How To Stop The Continuing Decline Of Part-Time Students

The 3 year 'boarding school model' for higher education only serves a proportion of learners. If the Government truly wants a highly skilled 'global trading nation' then it will need to support a flexible and diverse higher education sector that is able to deliver it.

UK employment is now at its highest level since 1975 with almost 75% of 16-64 years olds now in work. At the same time however, we have are more unfulfilled job vacancies than ever previously recorded (777,000) and a severe skills shortage, especially in STEM occupations. Research by Engineering UK suggests that an additional 1.8m engineers and technically qualified people are needed by 2025 and these issues will only be exacerbated by the potential effects of Brexit.

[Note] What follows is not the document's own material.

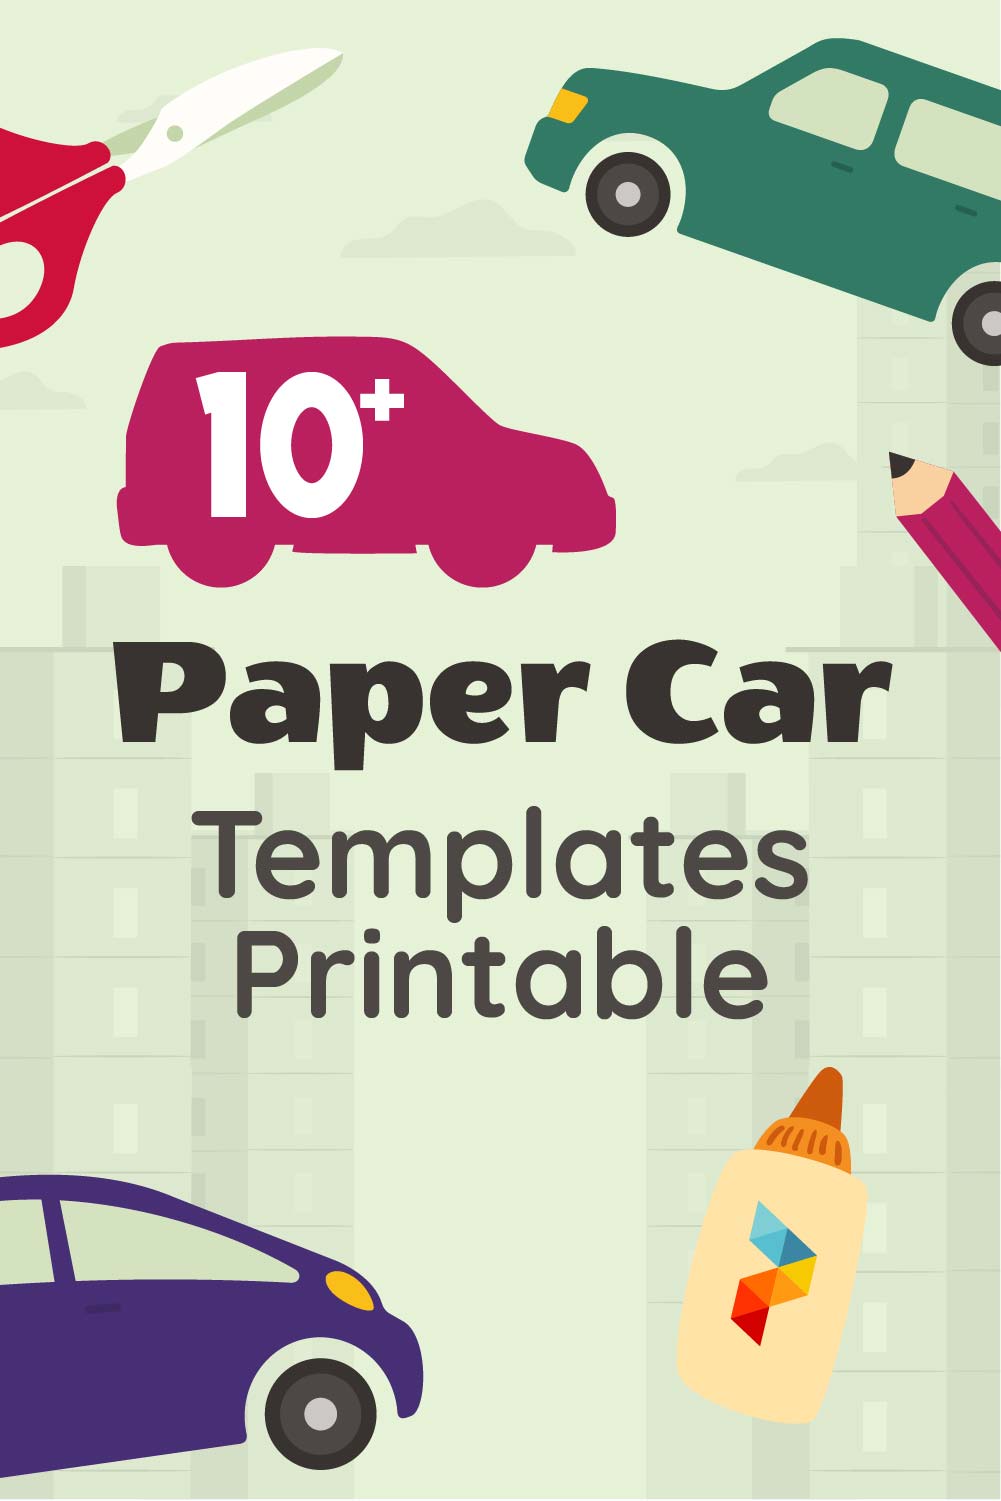 Paper Car Templates

The Government has, reassuringly, begun to show signs that it recognises this skills crisis with the publishing of the Industrial Strategy Green paper, the introduction of the apprenticeship levy and a renewed look at technical education through T-Levels and Institutes of Technology.

The success of these interventions remains to be seen but we can predict fairly confidently that they will not be sufficient to overcome our skills gap in its entirety because they miss a crucial component - addressing the collapse of part-time study in higher education.

Between 2006 and 2016 part-time undergraduate student numbers in England dropped by 60 per cent. The number of mature students also halved over the same period.

Part-time study provides an invaluable route into higher education, both for those who are engaged in 'learn-while-you-earn' degree apprenticeships or employer sponsored degrees and also for individuals who may not have had the opportunity to attend university straight out of school and now require the flexibility to continue their education part-time whilst meeting work and family commitments. It is also going to have increasing importance in achieving the need to undergo retraining as the rate of change in many sectors continues to escalate.

The provision of part-time education therefore is beneficial for social mobility, encouraging under-represented groups into higher education and allowing for the continual up-skilling of the country's workforce. Over 40% of London South Bank University's students study part time, and this is representative of the university's mission to provide professional and technical education to all who can benefit.

The cause of the collapse in numbers is largely due to the increase in tuition fees introduced in 2012, which included a requirement for part time students to commit upfront to studying for a whole degree if they wished to be eligible for a loan and to begin repayments from four years after the start of their course.

For full time students this increase has, partially, been ameliorated by the availability of loans and maintenance grants; and to give it its due, the government has acknowledged this and introduced in its most recent budget maintenance loans for people entering part time degrees, and doctoral loans of up to £25,000 to support higher-level study, starting from 2018. This is unlikely to have any significant impact on the decline however. The majority of part-time students are 'mature' learners and likely therefore to already have significant financial responsibilities and ongoing obligations to family, mortgages and work which make them unwilling or unable to take on a large additional amount of debt. This is undoubtedly the crux of the problem and inevitably it will be the least social and financially advantage who are the most excluded.

The Industrial Strategy Green Paper has indicated that the Government is open to "exploring ambitious new approaches to encourag[e] lifelong learning, which could include assessing changes to the costs people face to make them less daunting".

If the next Government is serious in this aim and wants to re-open this channel to social mobility and career advancement then it needs to undertake a serious examination of how the burden of debt could be eased for those seeking to undertake part time study to resolve how we assist those caught between their current financial responsibilities and the desire for personal and career advancement.

Whilst apprenticeships and new forms or learn while you earn solutions should have an impact it will not meet the needs of many. The solutions could include allowing learners to defer the period of repayment or, more radically, opening up the use of the apprenticeship levy to allow employers to support a wider range of higher education courses to upskill their employees. Any such move should also see the removal of the Equal or Lower Qualifications restrictions which effectively, confine an individual to the educational path they choose when they are seventeen or, for example, would prevent a STEM graduate from undertaking a business degree to enable them to take up a directorship within their firm.

The 3 year 'boarding school model' for higher education only serves a proportion of learners. If the Government truly wants a highly skilled 'global trading nation' then it will need to support a flexible and diverse higher education sector that is able to deliver it.